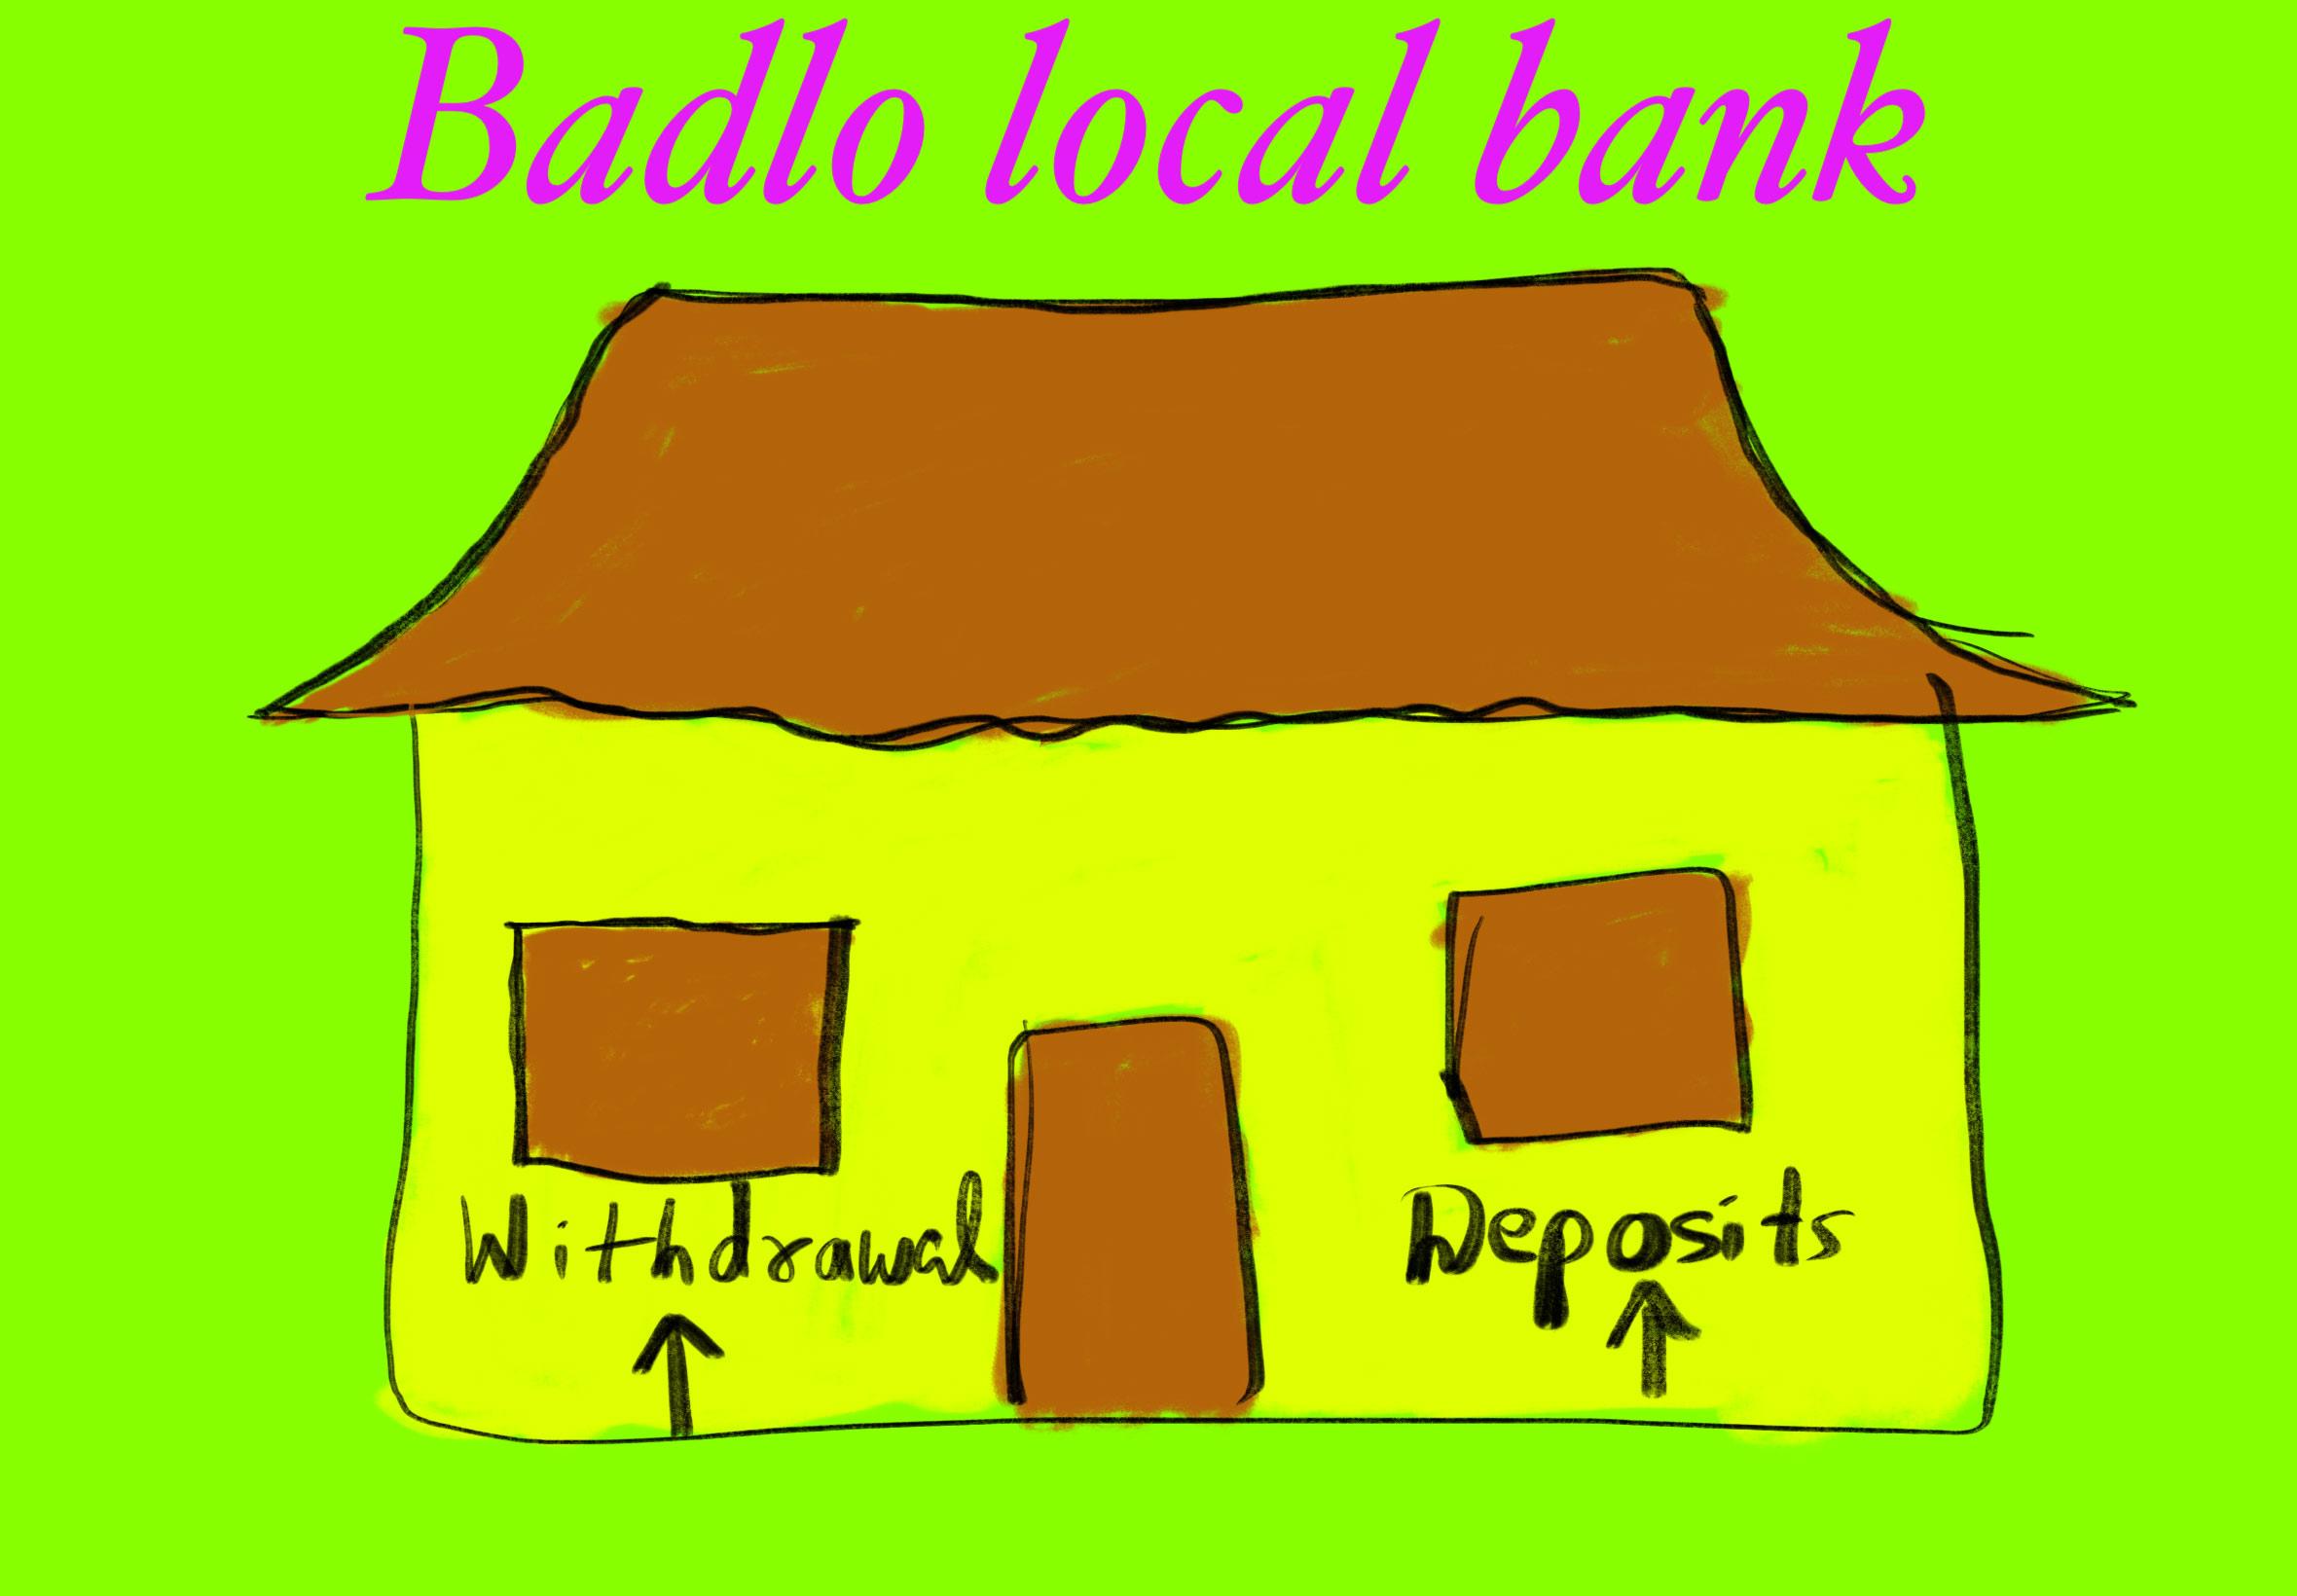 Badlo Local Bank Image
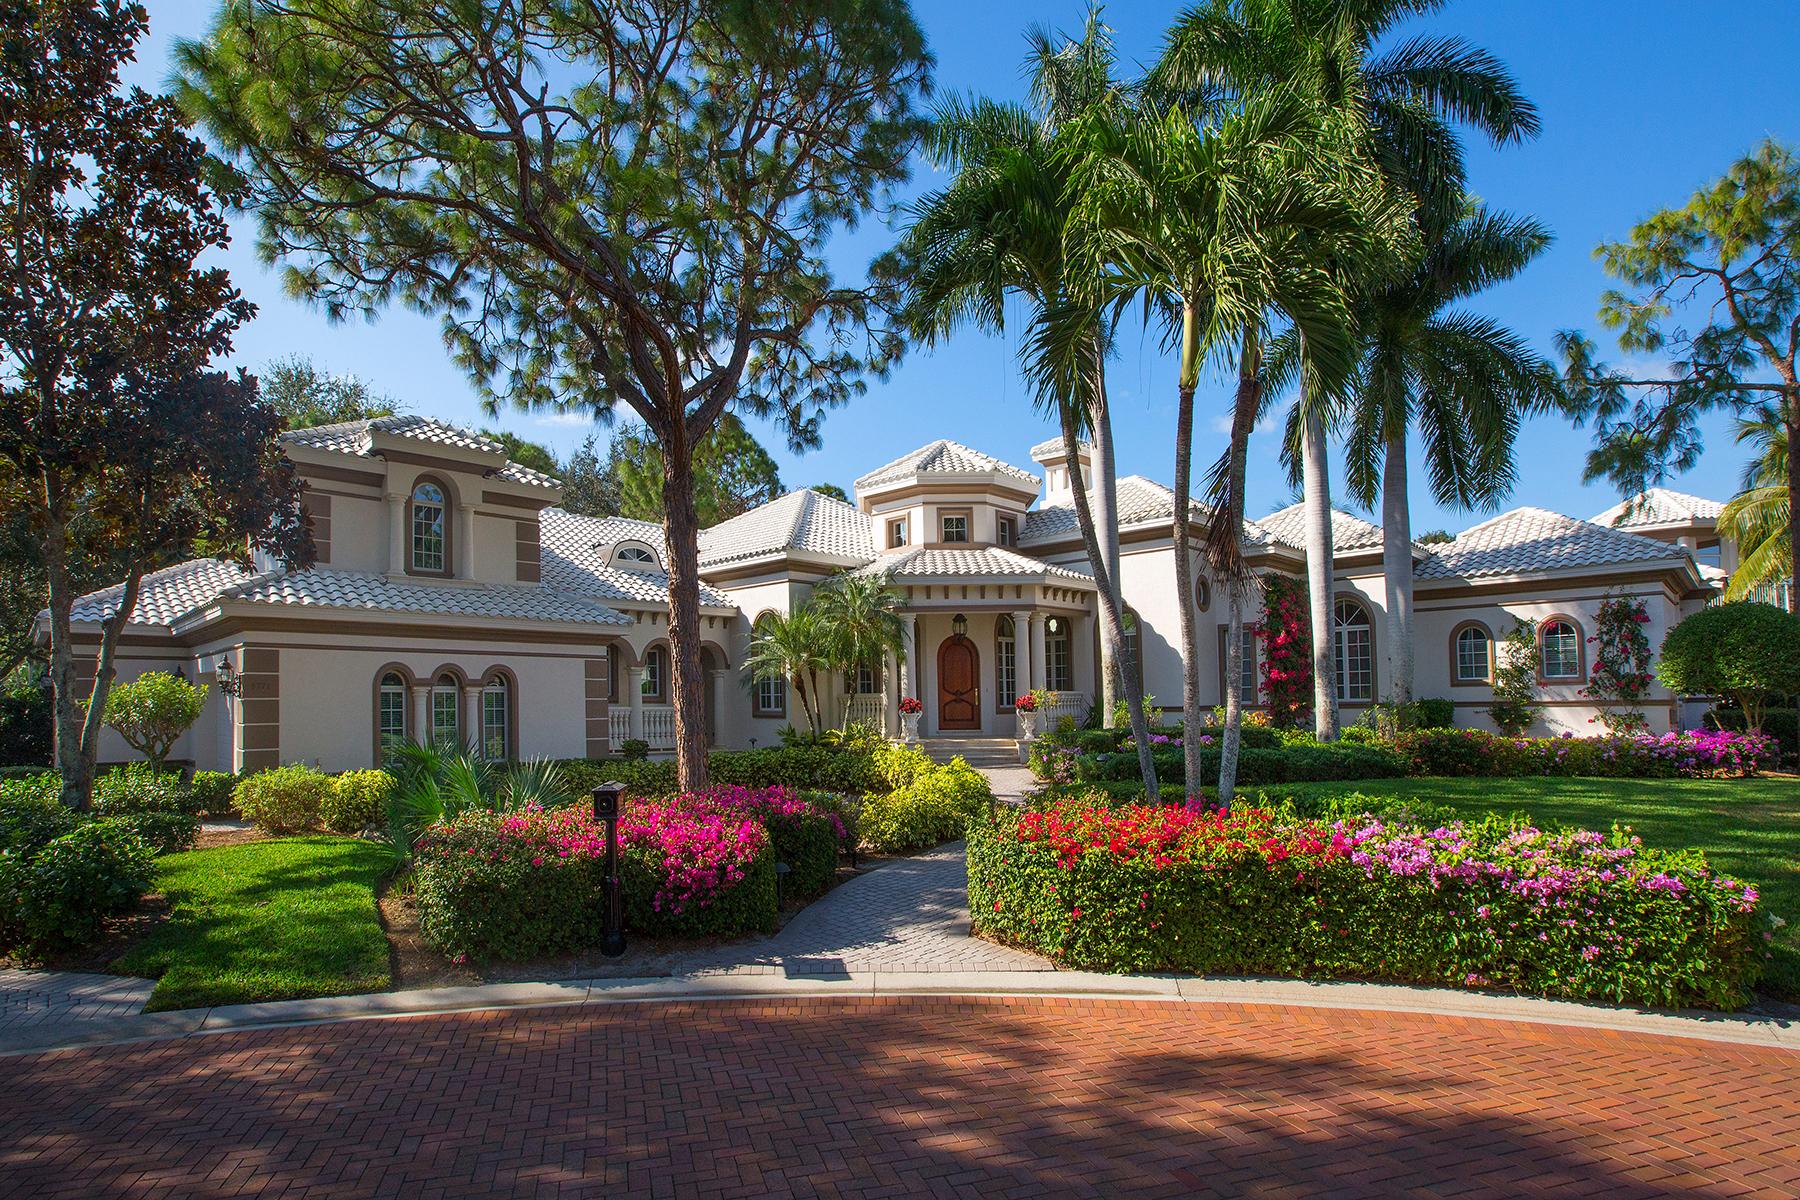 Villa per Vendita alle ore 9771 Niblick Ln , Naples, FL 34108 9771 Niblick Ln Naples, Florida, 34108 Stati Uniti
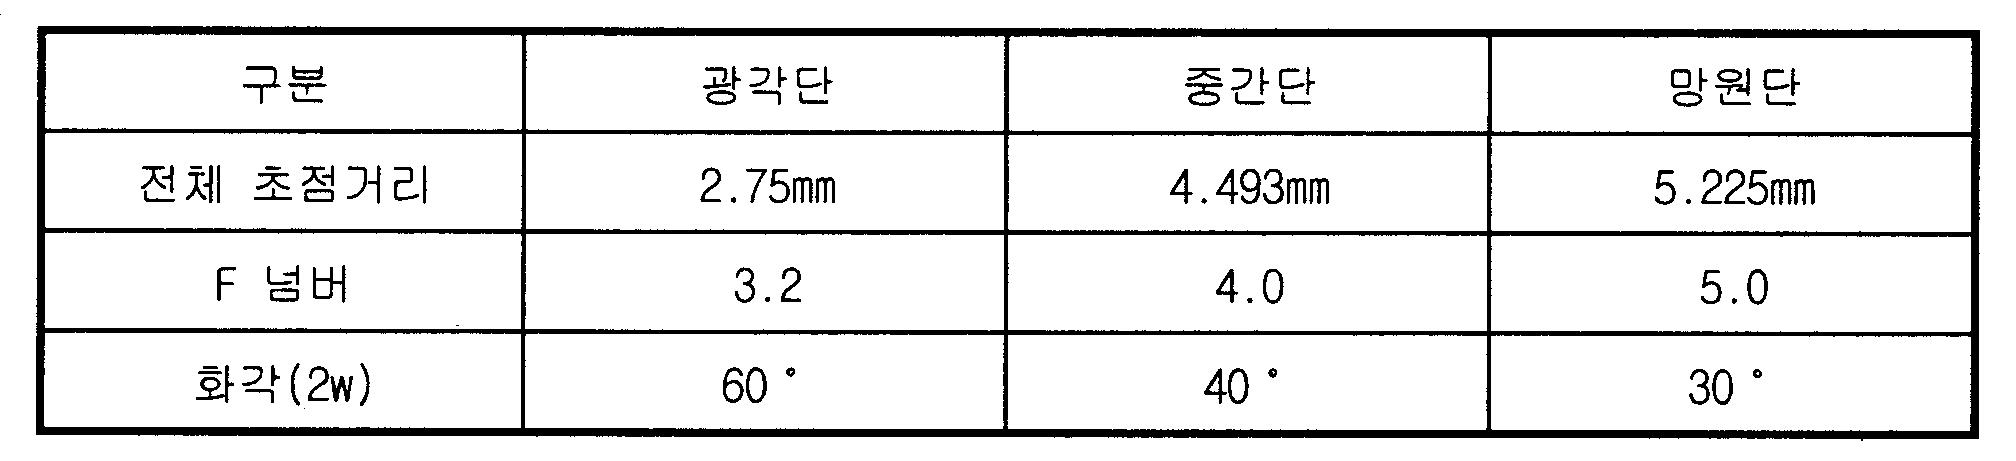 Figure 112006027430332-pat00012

☆ ☆ ☆ ☆ ☆ ☆ ☆

→ **Problem to solve**: Return the material word for word. Pictures are not part of the copy.

→ **Answer box**:
 Badlo Local Bank Image
 Villa per Vendita alle ore 9771 Niblick Ln , Naples, FL 34108 9771 Niblick Ln Naples, Florida, 34108 Stati Uniti
 Figure 112006027430332-pat00012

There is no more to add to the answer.